И когда смущенный Андрей выходил на сцену, ему аплодировали, неизменно задавали одни и те же вопросы:

– Скажите, как вам удалось победить?

Андрей понимал, что от него ждут чего-то подобающее моменту, слов, которые навсегда войдут в историю. Но такие слова не давались, поэтому он отвечал всегда честно и предельно ясно:

– Не знаю.

– Хорошо, а как вы сумели выжить после взрыва?

Поначалу Андрей и сам задумывался над этим – ведь шансов спастись с корабля почти не было, – но позже махнул на все рукой. Он пожимал плечами, улыбался и говорил:

– К сожалению, и этого я не знаю.

Так сначала телевидение сделало его величайшим из людей, затем превратило в инфоповод и, как оно частенько бывает, в скором времени позабыло.

Через несколько лет о нем практически уже и не вспоминали.

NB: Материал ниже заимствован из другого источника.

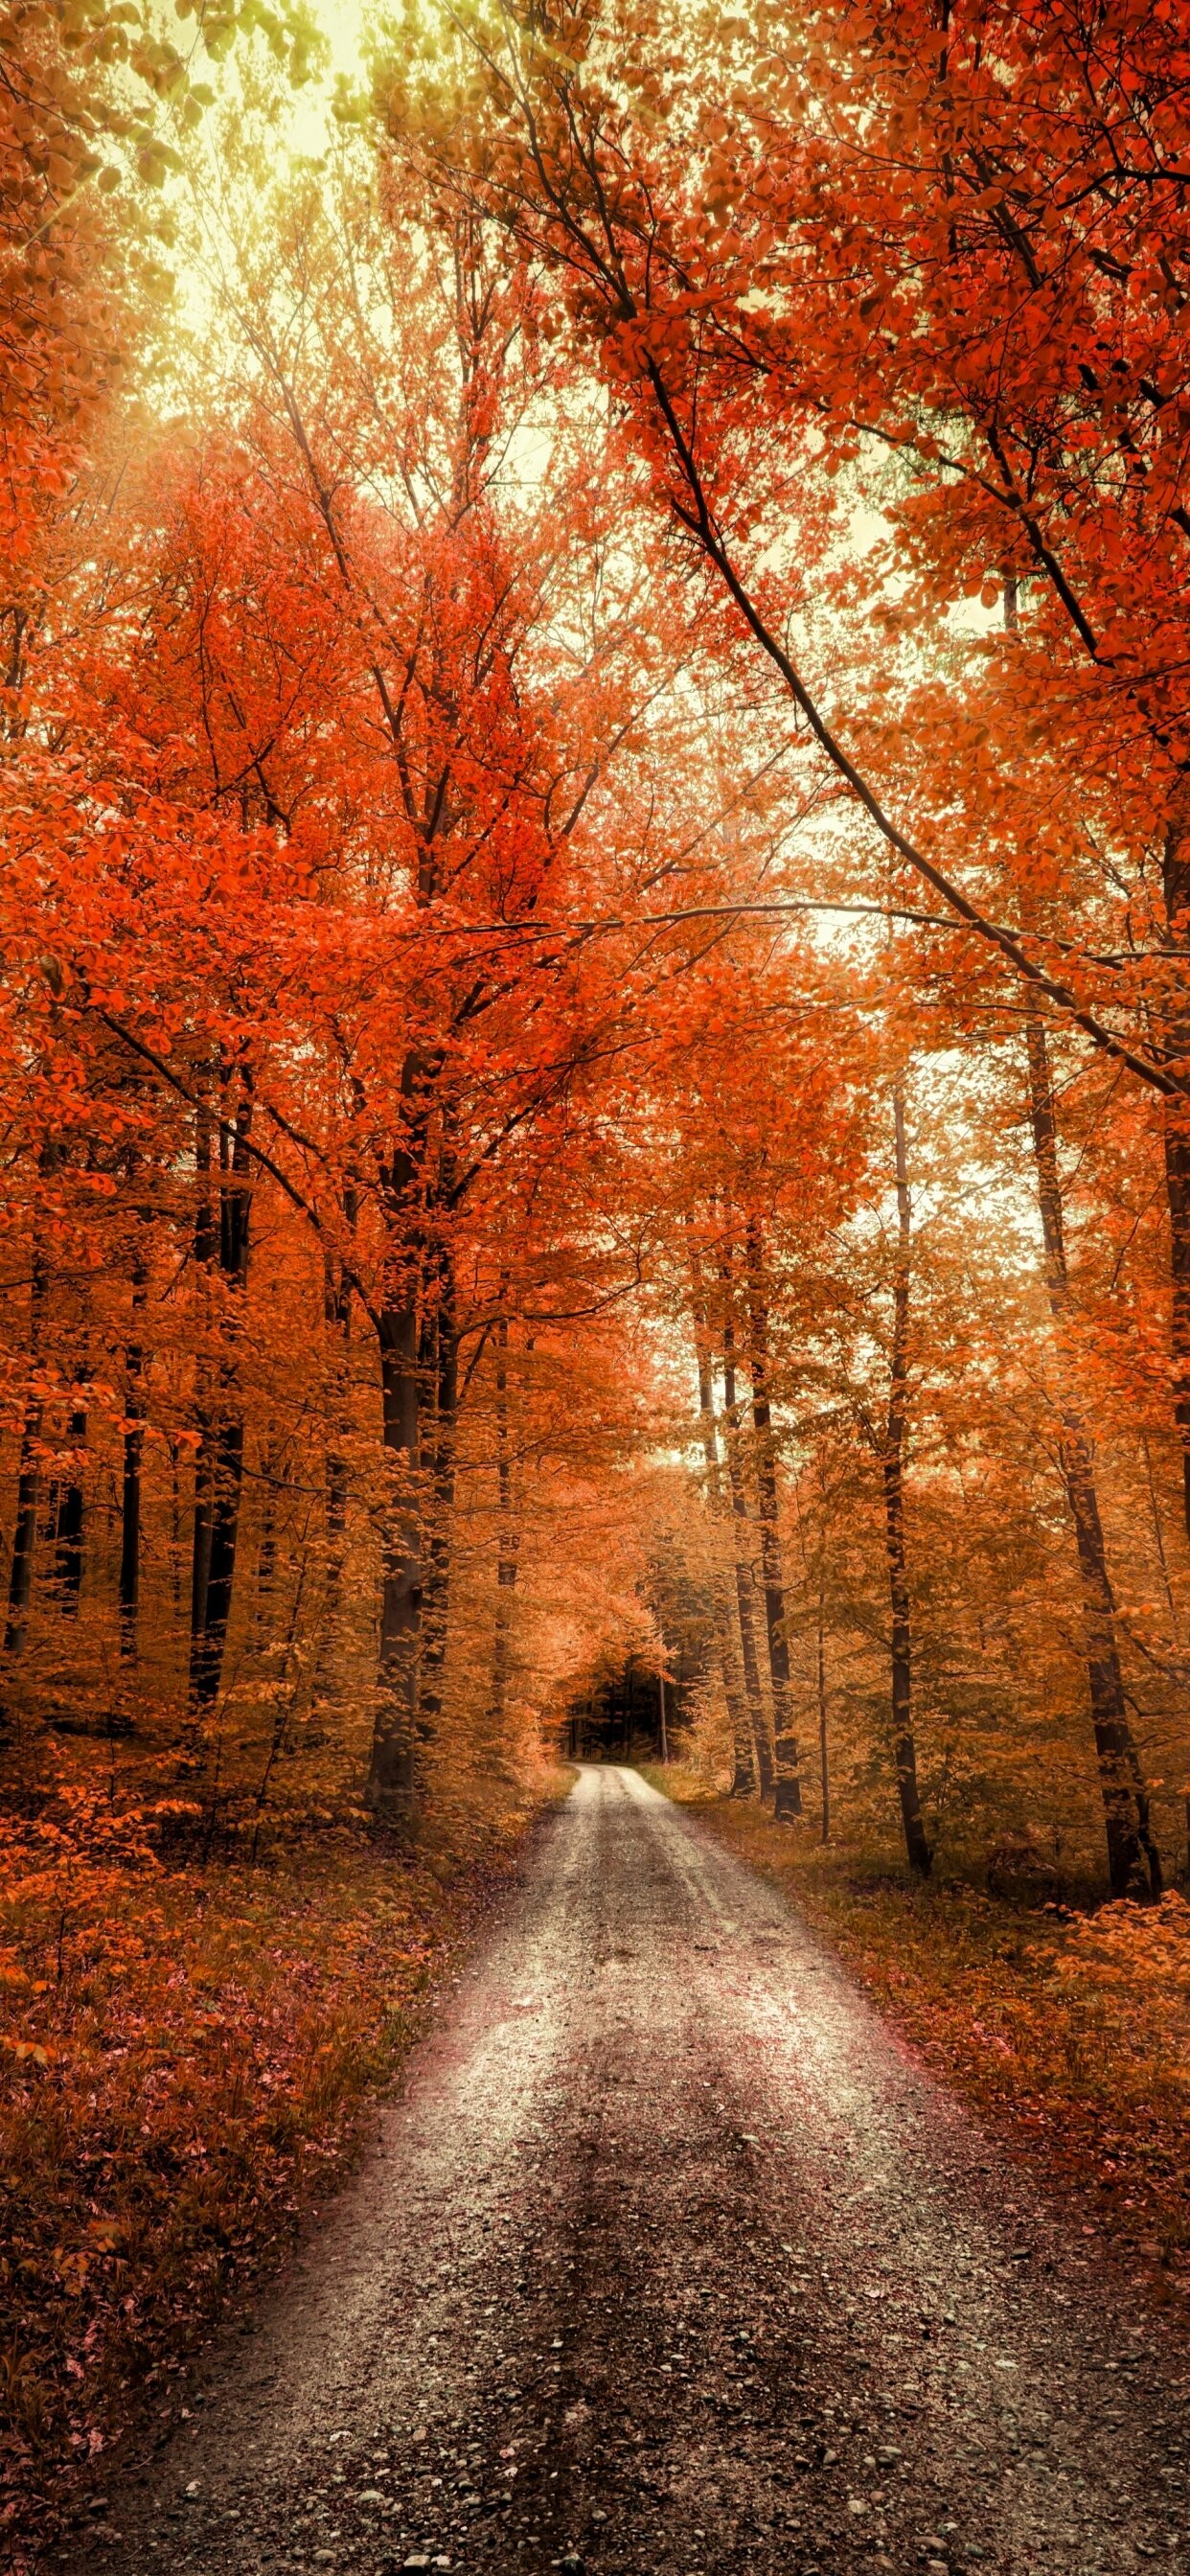 Autumn: A third season of the year, Brown rusty foliage. 1250x2690 HD Wallpaper.

Друзья и знакомые по-прежнему здоровались с ним при встрече, но все реже его узнавали на улице, не подходили сказать спасибо, пожелать счастья в жизни, а то и попросить автограф – как случалось раньше. В принципе, Андрей был вполне этим доволен. После спасения с корабля и нескольких месяцев в больнице он стал замечать за собой определенную нелюдимость, к тому же был далек как от политических интриг, так и от шоу-бизнеса, что поставило крест на возможной карьере. Андрей вообще откровенно не понимал такого внимания к собственной персоне. Великая судьба? Нет, он просто сделал то, что должен был – о чем тут еще говорить? Зато все больше его раздражали шумные толпы, как и десятки микрофонов, что журналисты словно бы норовили ткнуть ему прямо в лицо. И все чаще у него невыносимо болела голова – не иначе как последствия прямого контакта с Мозгом. Во всяком случае, так утверждал невропатолог – один из лучших в данной области, – которого Андрей регулярно посещал, благо назначенной пенсии хватало.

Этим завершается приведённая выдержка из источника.